Running with Redshift

Written on January 18, 2017
[ redshift  aws  r  aws  ]

While working with some tables in Redshift, I was getting frustrated: “I wish I could just drag all this into R on my laptop, but I probably don’t have enough memory!” A devlish grin: “Or do I?”

I had crashed R before trying to pull in too much data, so I was in a phase trying to learn to do anything and everything in pure Redshift/SQL. But, ugh, I longed for my R.

I had 89 data windows, each with just under 260k rows. That’s an upper bound of 23M row (for simplicity and to be cautious). I then multiplied that by the number of columns (15), and the number of bytes (8) per 64-bit entry (assuming this was true for all entries):

rows = 23e6
cols = 15
bytes = 8
rows*cols*bytes # ~= 2.8 GB

I had 6GB of RAM, so this might be an ok pull.

But first I did a sanity check using R’s {pryr} library to get the size of one of the data windows.

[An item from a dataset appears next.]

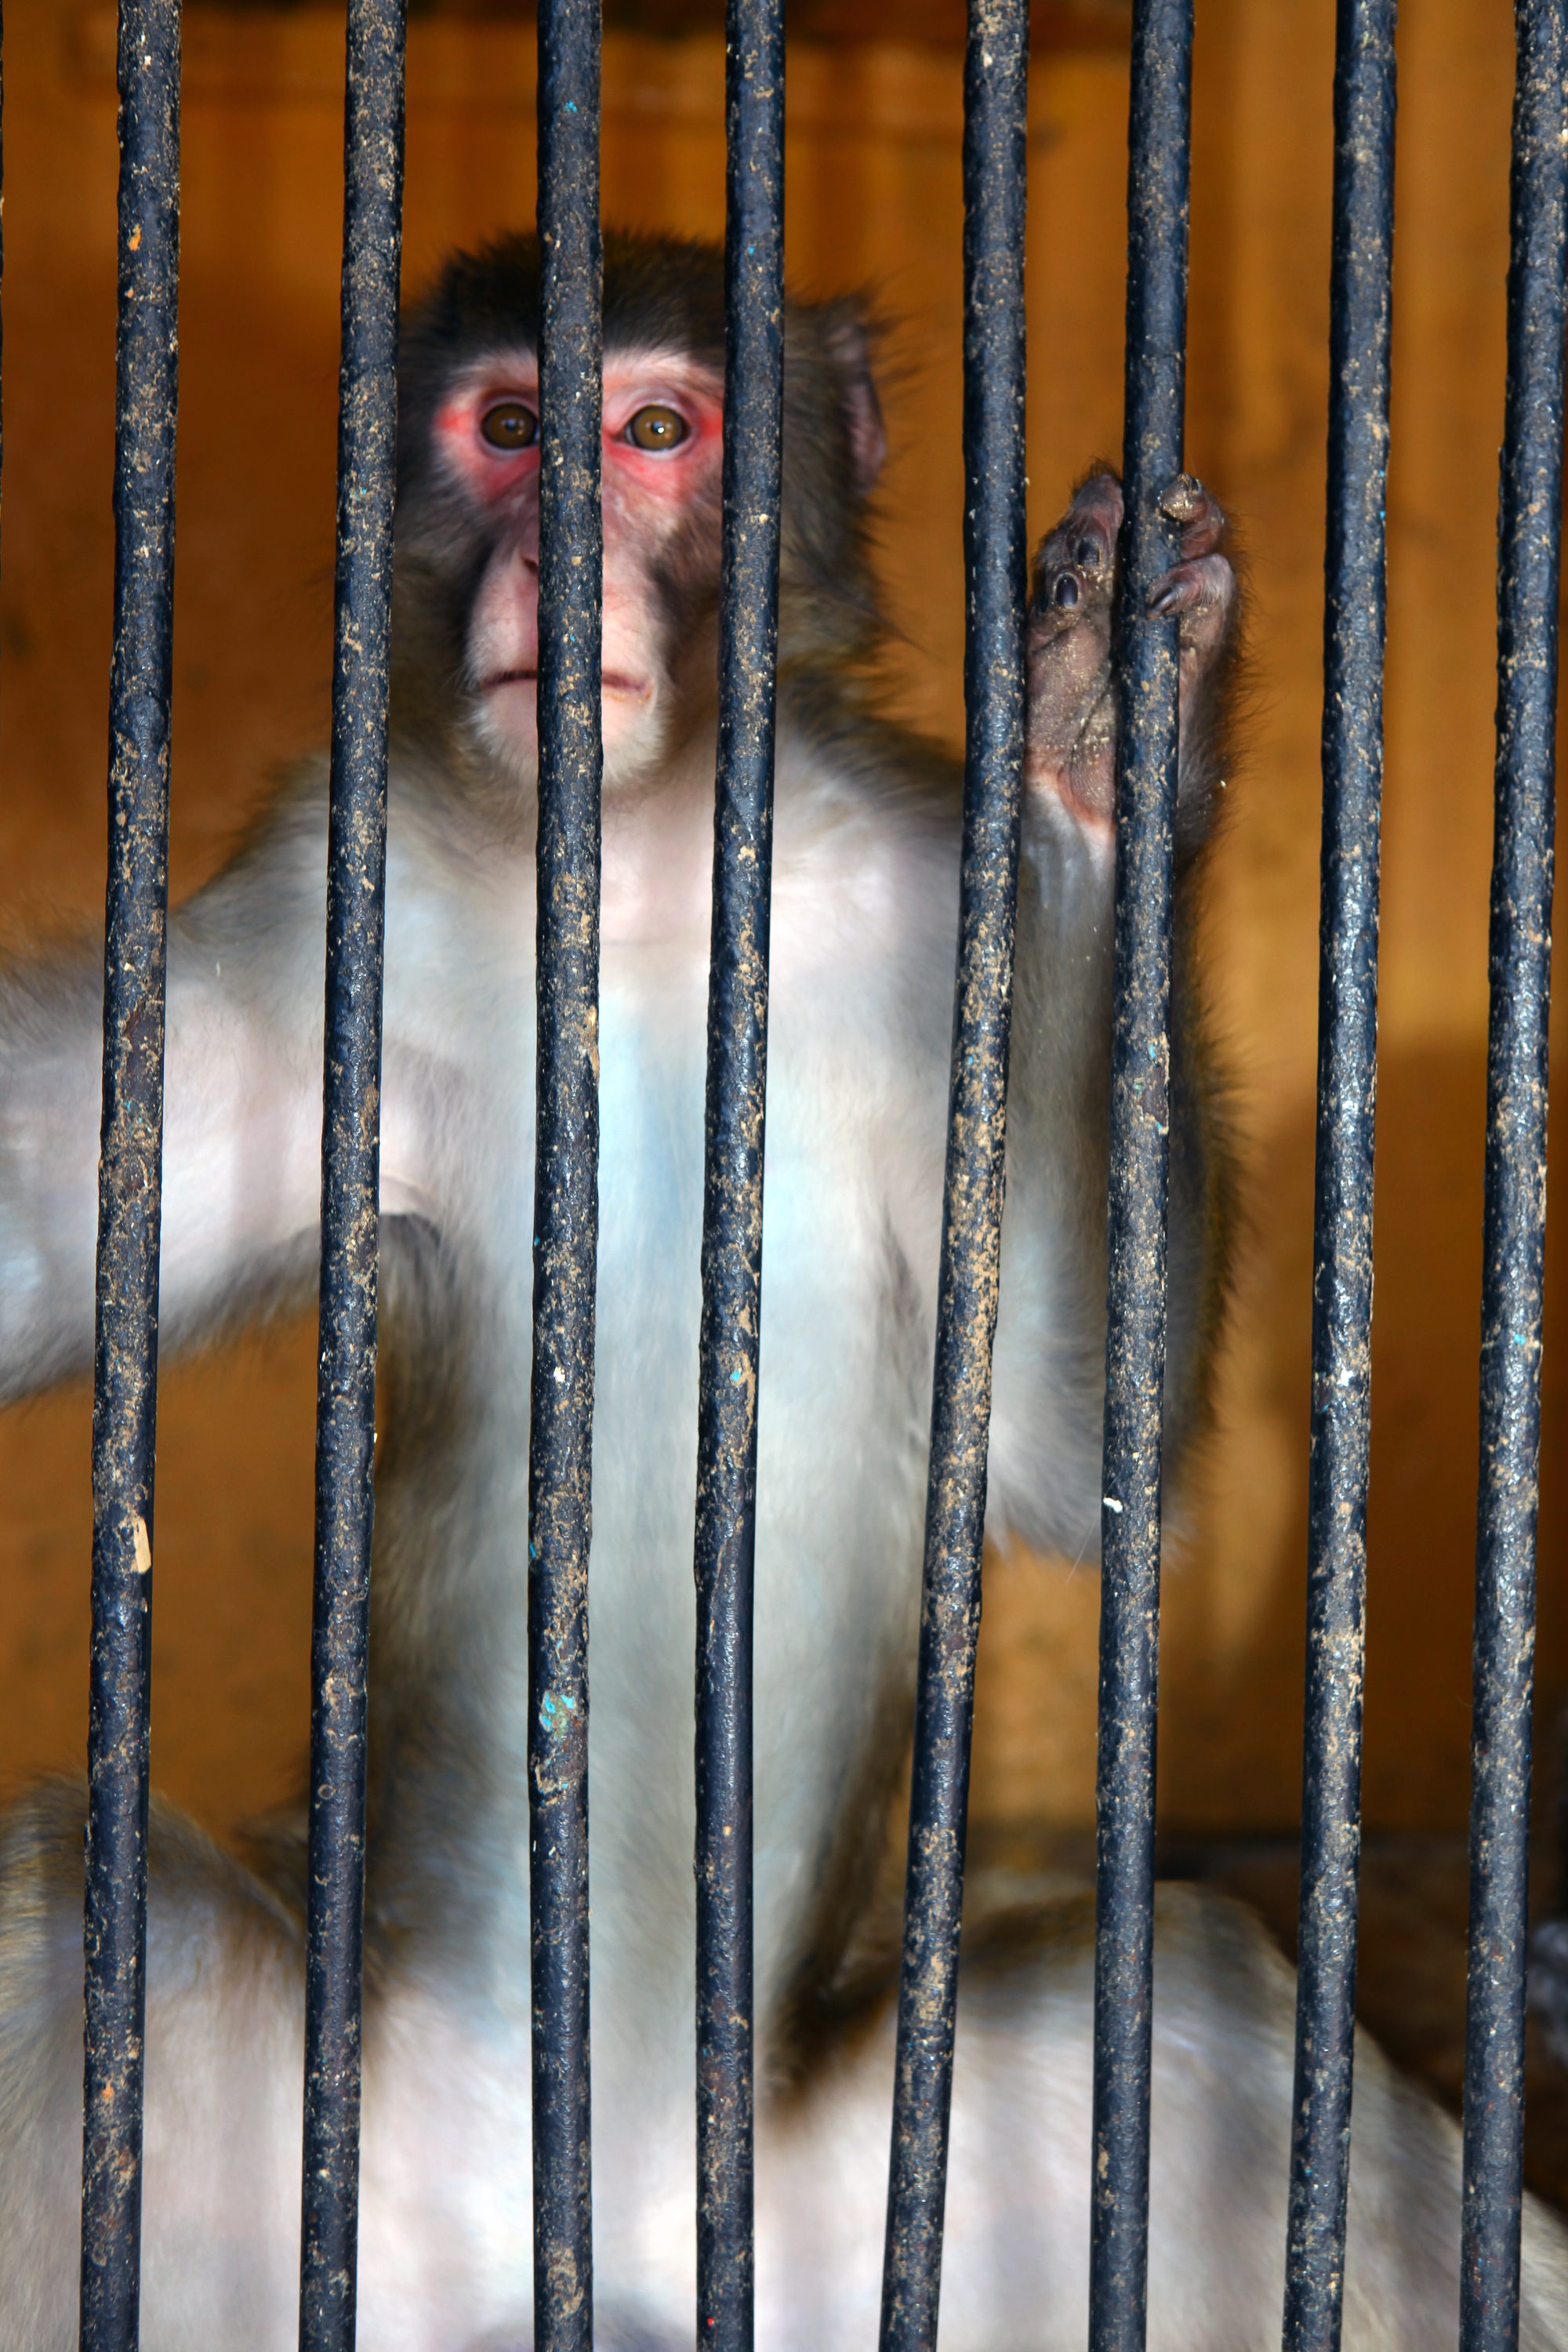 Monkey behind bars photo

dw_size = pryr::object_size(one_data_window)  # ~32.8 MB

Multiply that by 89 data windows and you get ~2.9 GB. So my estimate was not far off!

Should be good to go, right?!

Wrong. Turns out I didn’t account for … something or another! Though I could get the data onto my computer, when I tried to do something with it, the computer came to a crawl for about 10 minutess or so before I finally halted the process b/c memory was capped.

Had to suck it up and figure out the Redshift way, and I’m glad I did. The equivalent computation in Redshift cut down the processing time to less than a minute!